My baby is the same age, and does the same thing! He will usually sleep until 3:30 am, and then wake up every 2 hours or so until 9 am to nurse. Sometimes, I can tell he only nursing for comfort, because he will nurse for 15 minutes and then sleep with my nipple in his mouth. When I try and move away, he starts frantically squirming and trying to find me again.

Something I do, which helps, is switch places with my DH at nightime. I will nurse him until he falls asleep, and then my husband will lie beside him. My husband provides comfort, but since he does not smell like mommy or milk, DS doesn't wake himself up trying to nurse. Maybe your partner would be willing to sleep beside him from 3-5 am so you can get enough sleep before you start your day?


----------



## haydn'smommy (Aug 22, 2007)

He actually slept in his own bed last night. I'm quite torn on this. On the one hand, I thoroughly enjoy snuggling him all night and waking to that sweet little face. On the other, the 3:30am wake-up is effecting me mentally at work (I'm a PNP and I can't risk hurting someone else's child) and physically (My immune system has plummeted from the lack of sleep and now I'm having a massive asthma flare-up).
I did notice that when I actually had to sit up and feed him last night, he eats fast and then is back off to sleep without that frantic rooting and vomiting he was doing. IDK, he's in his crib tonight for right now but I may bring him to my bed later tonight. I'm going to find a way to do this so that we both get the closeness that we need and both get the sleep that we need.


----------



## leaves (Oct 16, 2009)

i know i'm probably just repeating something here, but my ds did/does the same thing, and i would also put him in the swing to sleep just so the milk could digest. he slept a lot better that way, and even if he ate a lot, he didn't spit it up.

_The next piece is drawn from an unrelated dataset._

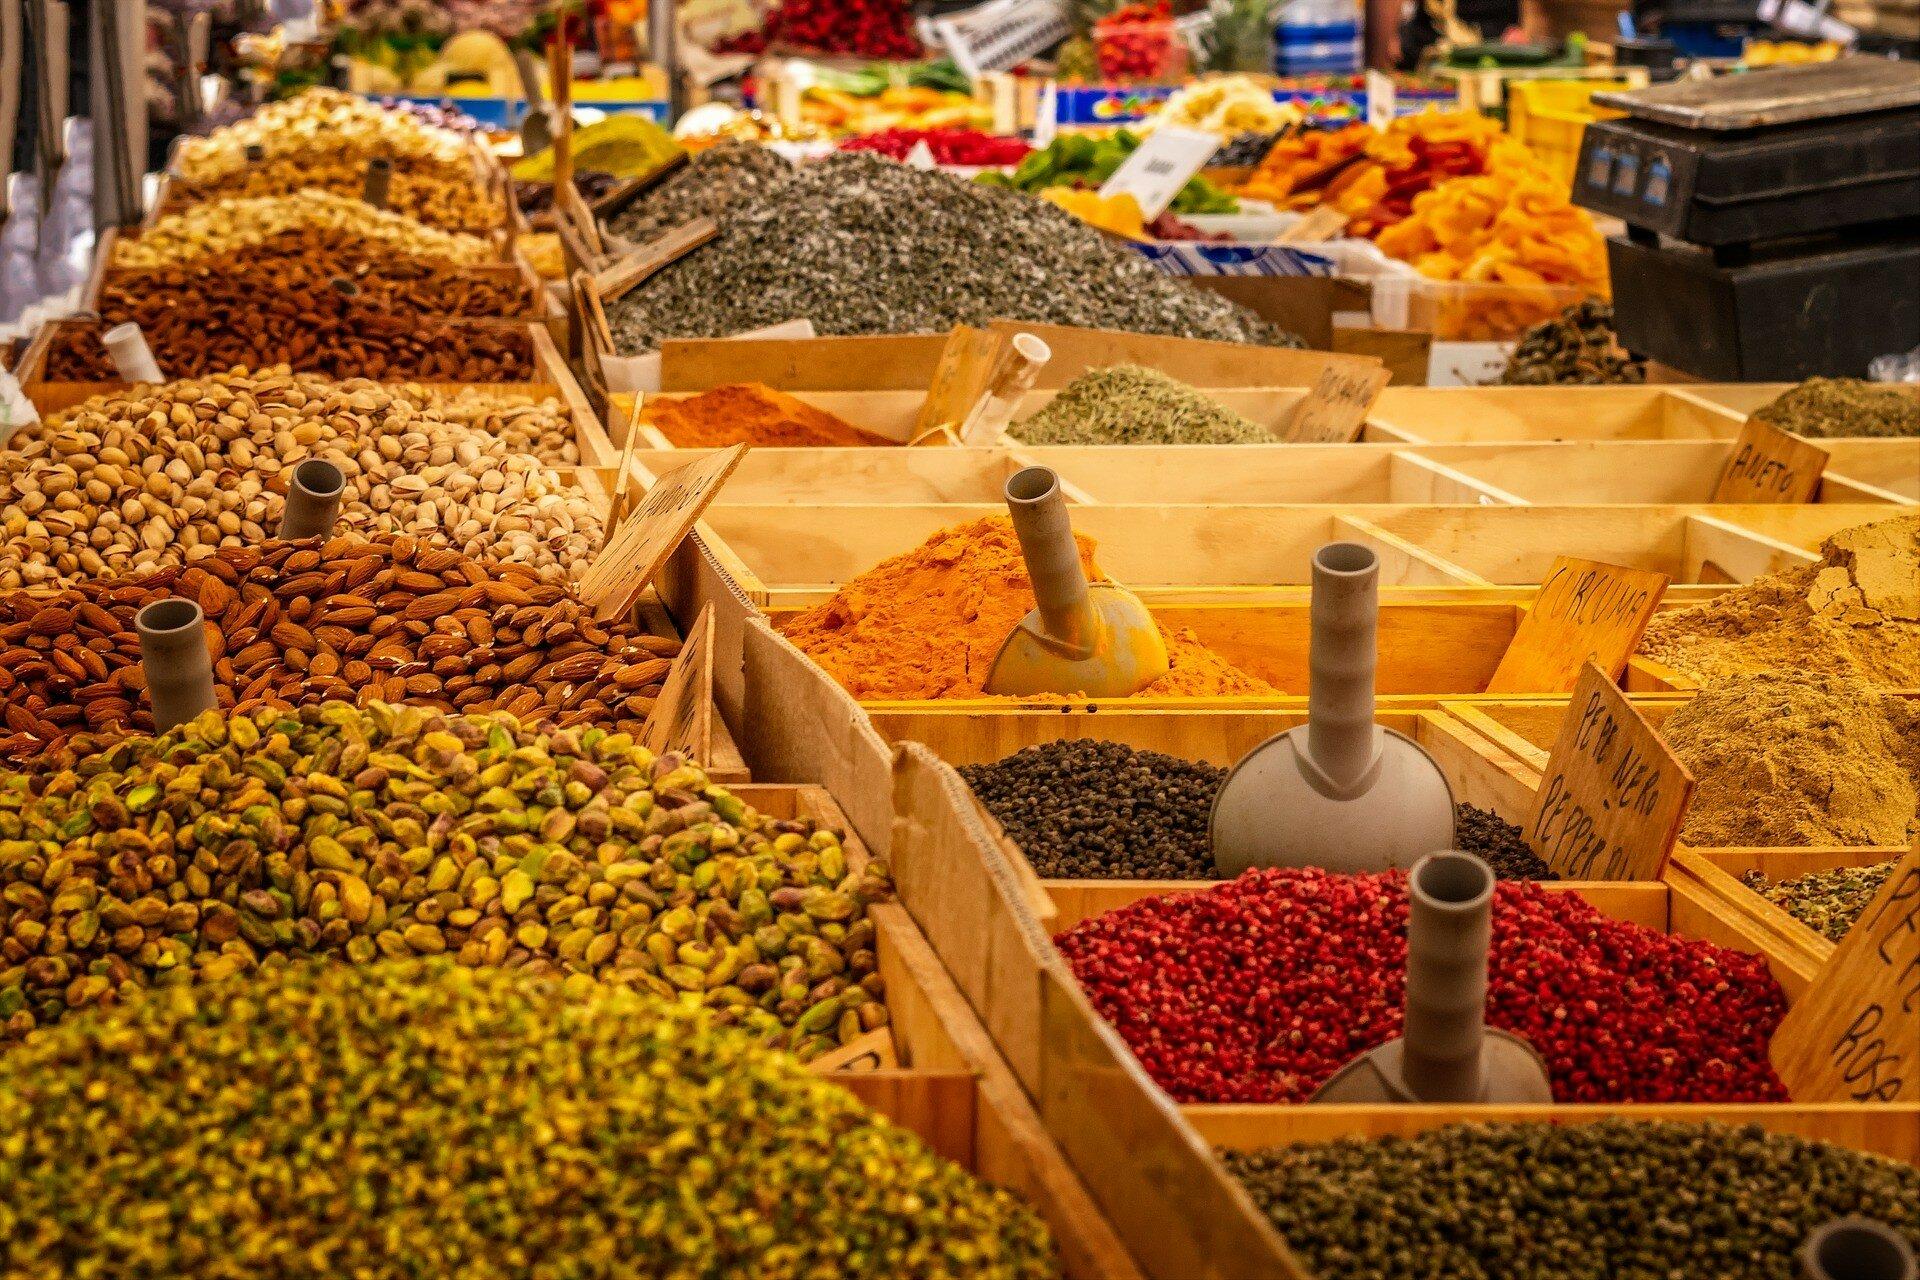 Как правильно хранить специи, чтобы сохранить вкус и аромат

it definitely makes a difference if i try to burp him in between. maybe put him in the swing after you feel he's had enough to fill his tummy but not get over-full? my ds would fuss sometimes if he was still awake but if i put the tv on white noise, he would fall asleep almost immediately.


----------



## thedenverduo (Dec 8, 2008)

Stuff like this can be so frustrating! Especially for the attachment-minded intune parent!

When we struggled with this there were two things that really helped us get over the hump. Firstly, like a pp said, we kind of block fed at night. So when he would wake up at 2 (his issue time- sounds like yours it 330) I would feed him on the same side as the previous feeding. This way, he could still comfort nurse and get some milk, but not get as full as if he got the other breast. I woke up just exploding from the neglected side... but it made for really easy pumping first thing in the morning.

Another thing is that I would "cut him off" when he was done eating. I know this won't work for all families, but it did for us. I could tell when he made the switch from nursing because he was hungry to comfort nursing because he would suck differently, less of a rhythm. So I would unlatch him and cuddle/stroke/pat him back down. We found that if I let him comfort nurse for awhile he wouldn't want to stop, but if I headed him off he would just quietly fall right back to sleep. I am all for comfort nursing all he wants now that it doesn't make him throw up!

Hope you find a solution that works for you!


----------